*** Opening Data extract ***
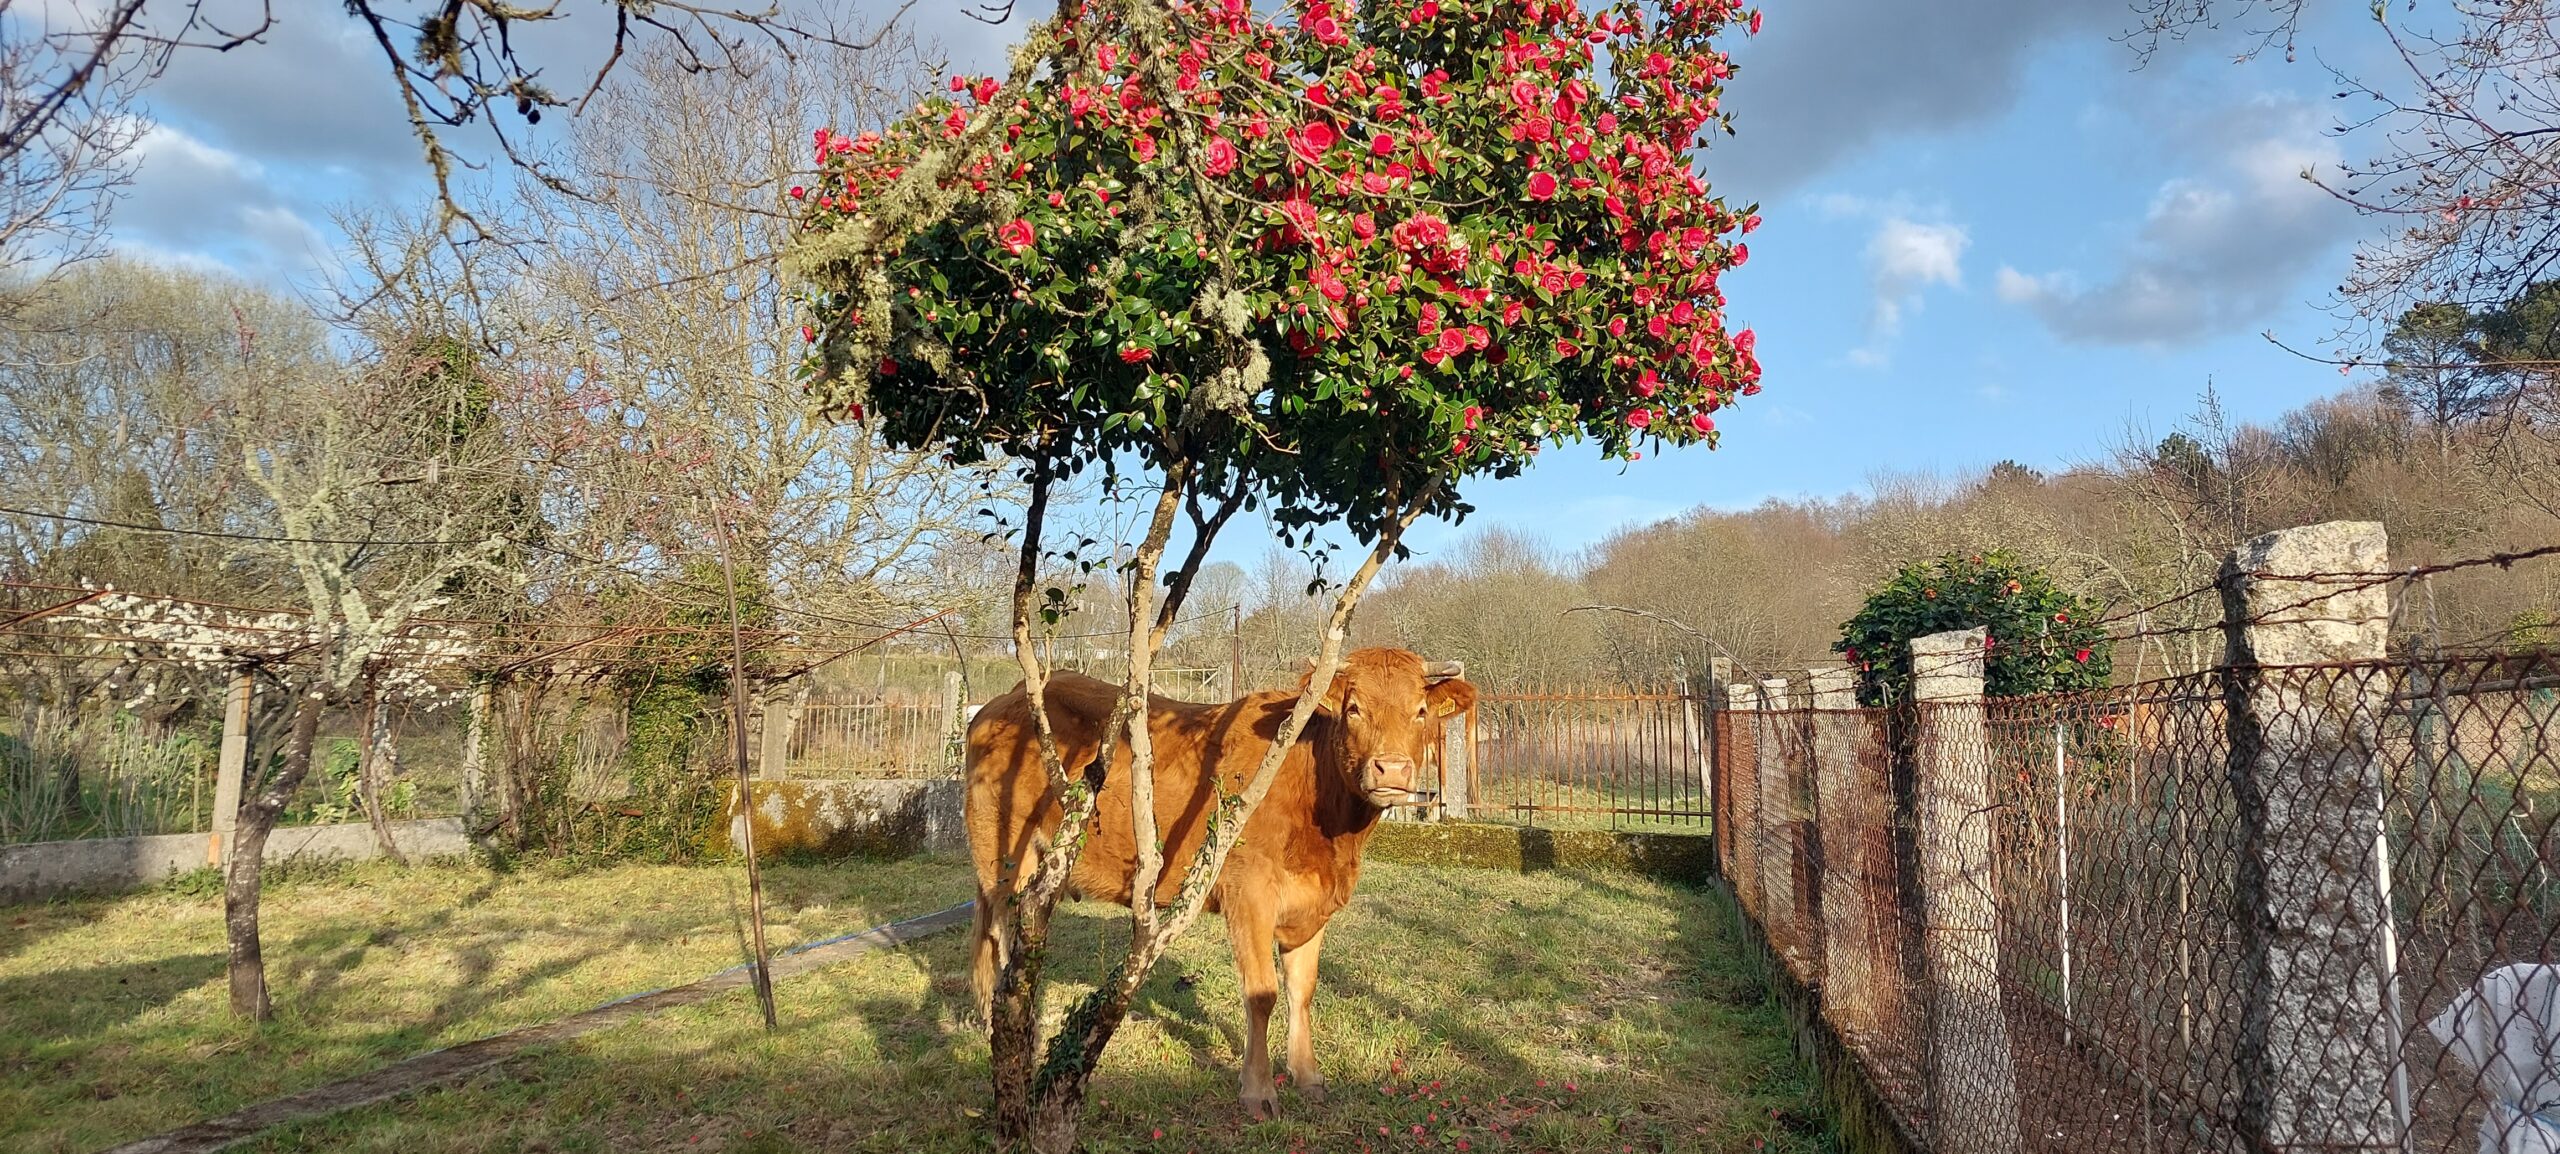 A cow posing on a farm's yard
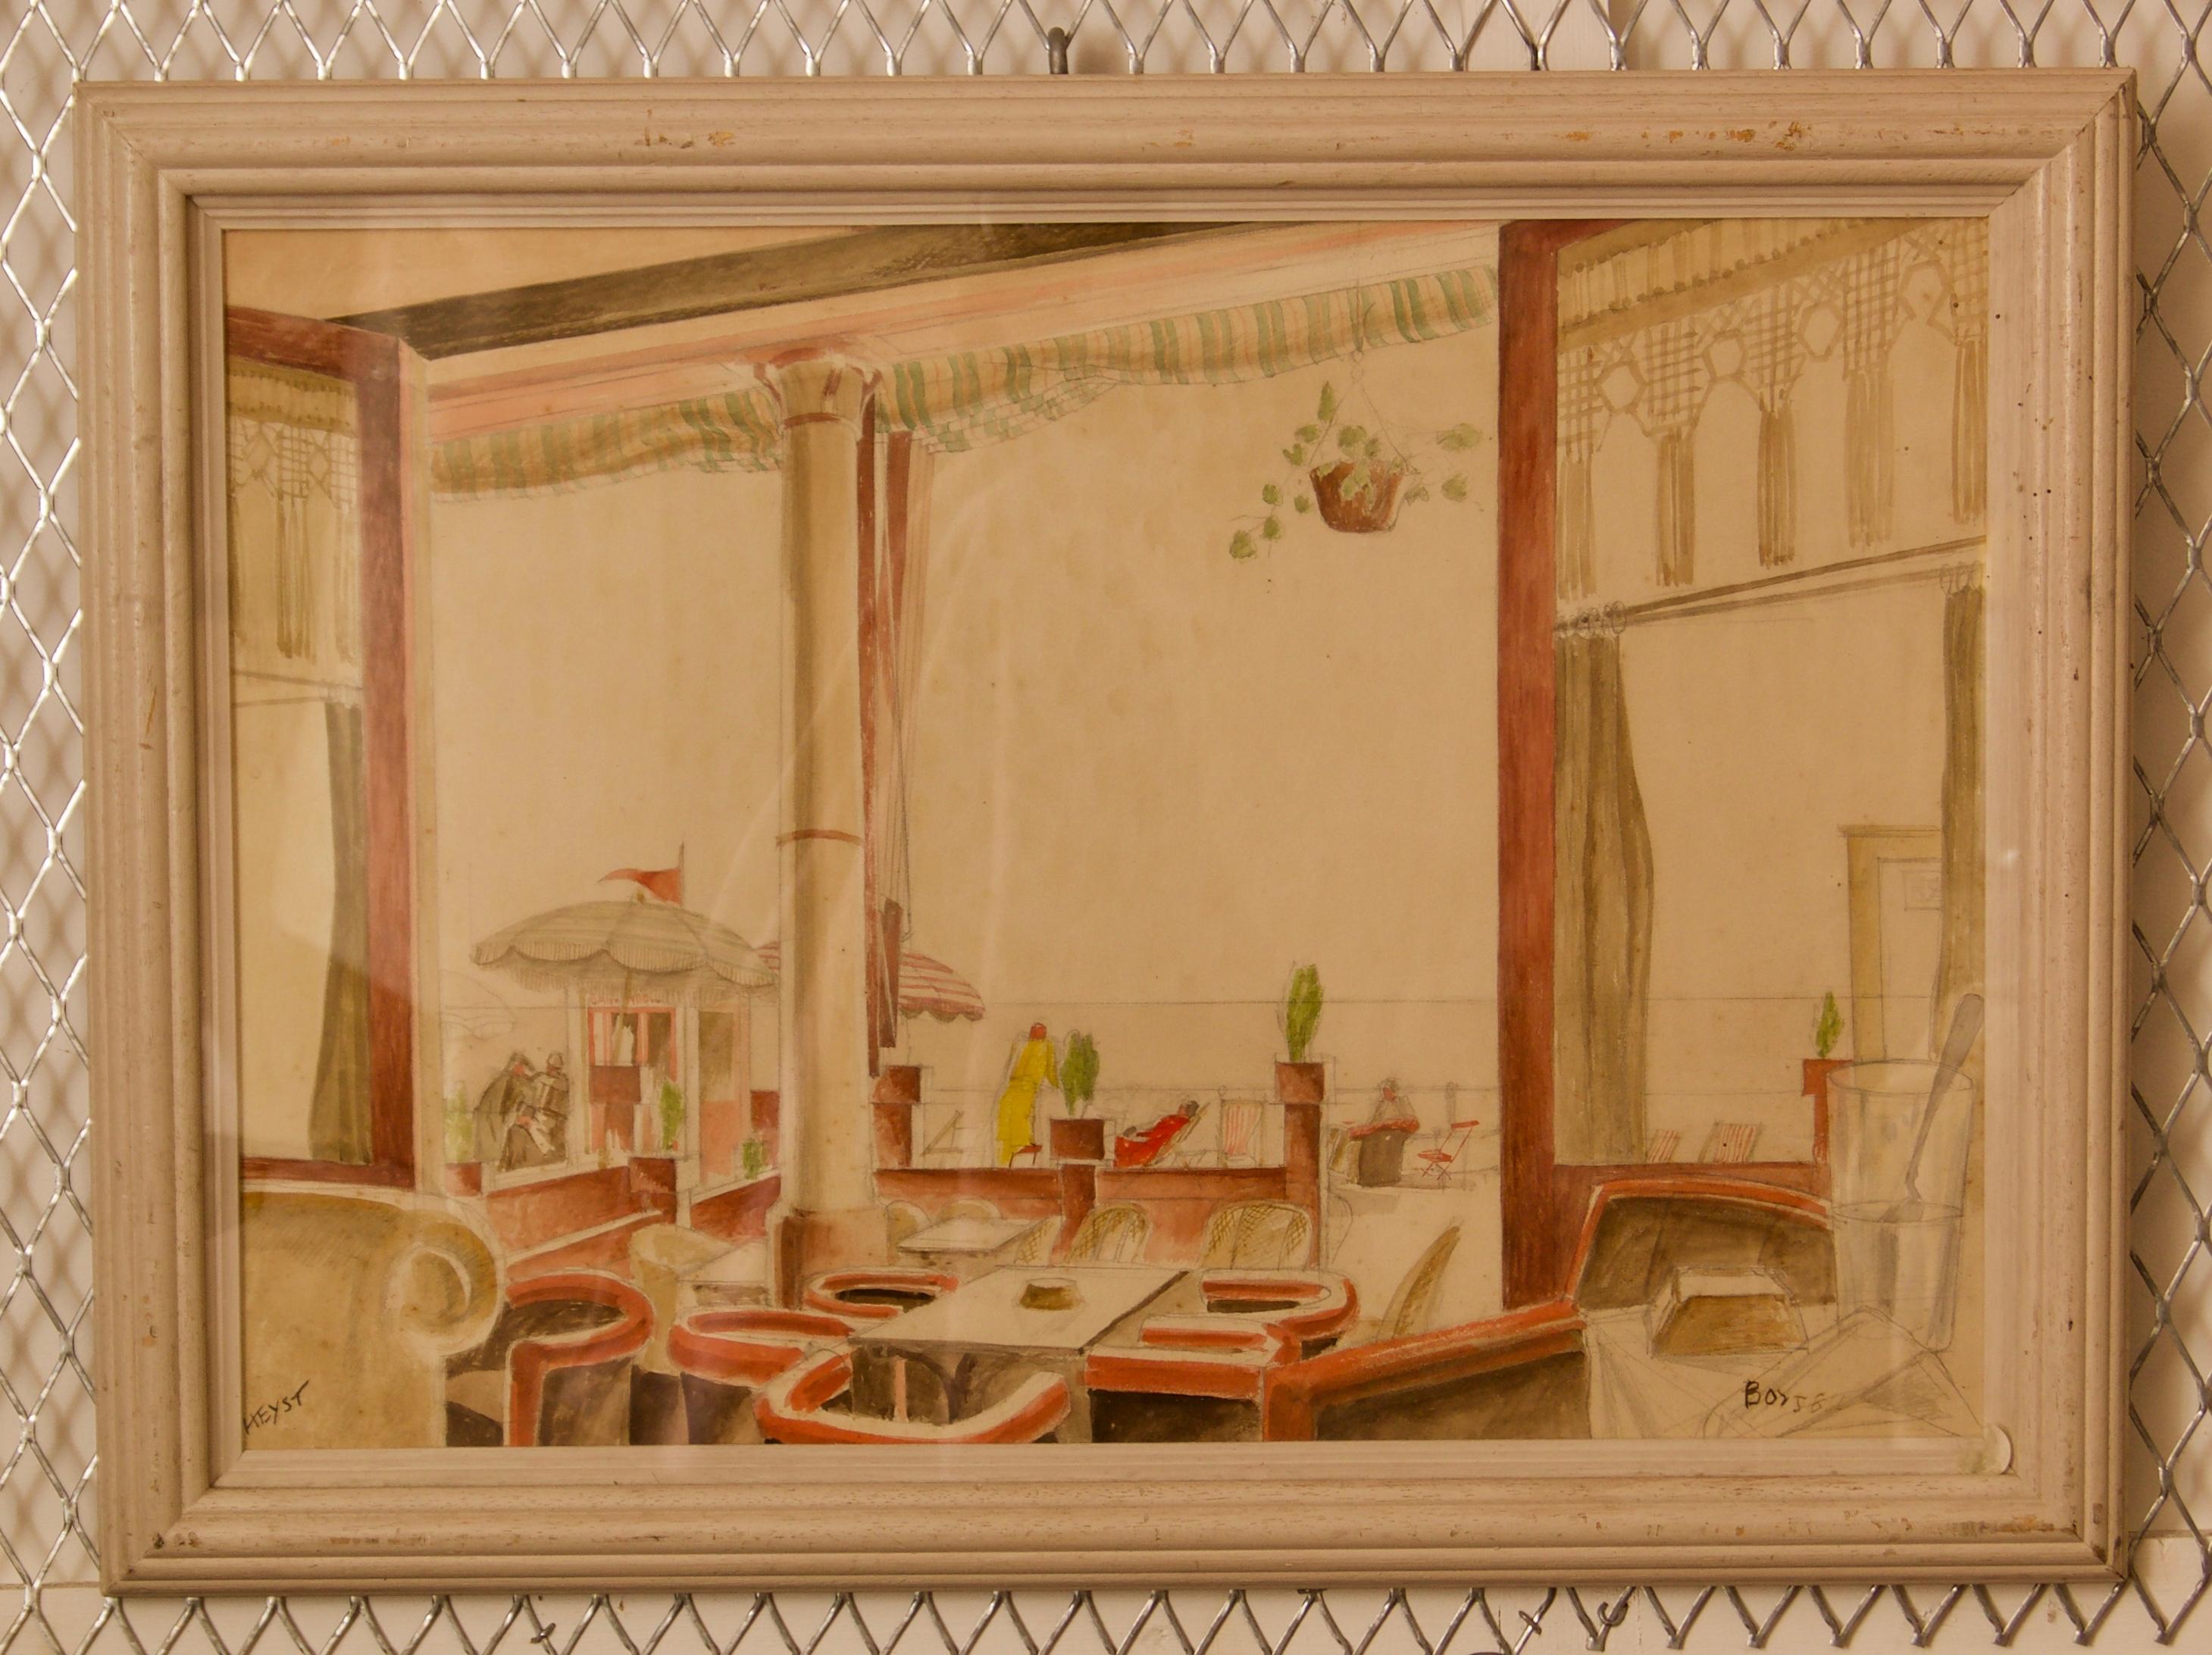 Howard Bowen est un artiste d'après-guerre et contemporain.

Cette œuvre a été réalisée à l'aquarelle et se trouve dans un cadre en bois sous verre.

Mots-clés : Art déco, intérieur, aquarelle, paysage, bâtiments, 1950s, 1958, restaurant, café,
*** Closing Data extract ***
Problem description: Report every line containing the string "aquarelle" in the material.

Completed task:
Cette œuvre a été réalisée à l'aquarelle et se trouve dans un cadre en bois sous verre.
Mots-clés : Art déco, intérieur, aquarelle, paysage, bâtiments, 1950s, 1958, restaurant, café,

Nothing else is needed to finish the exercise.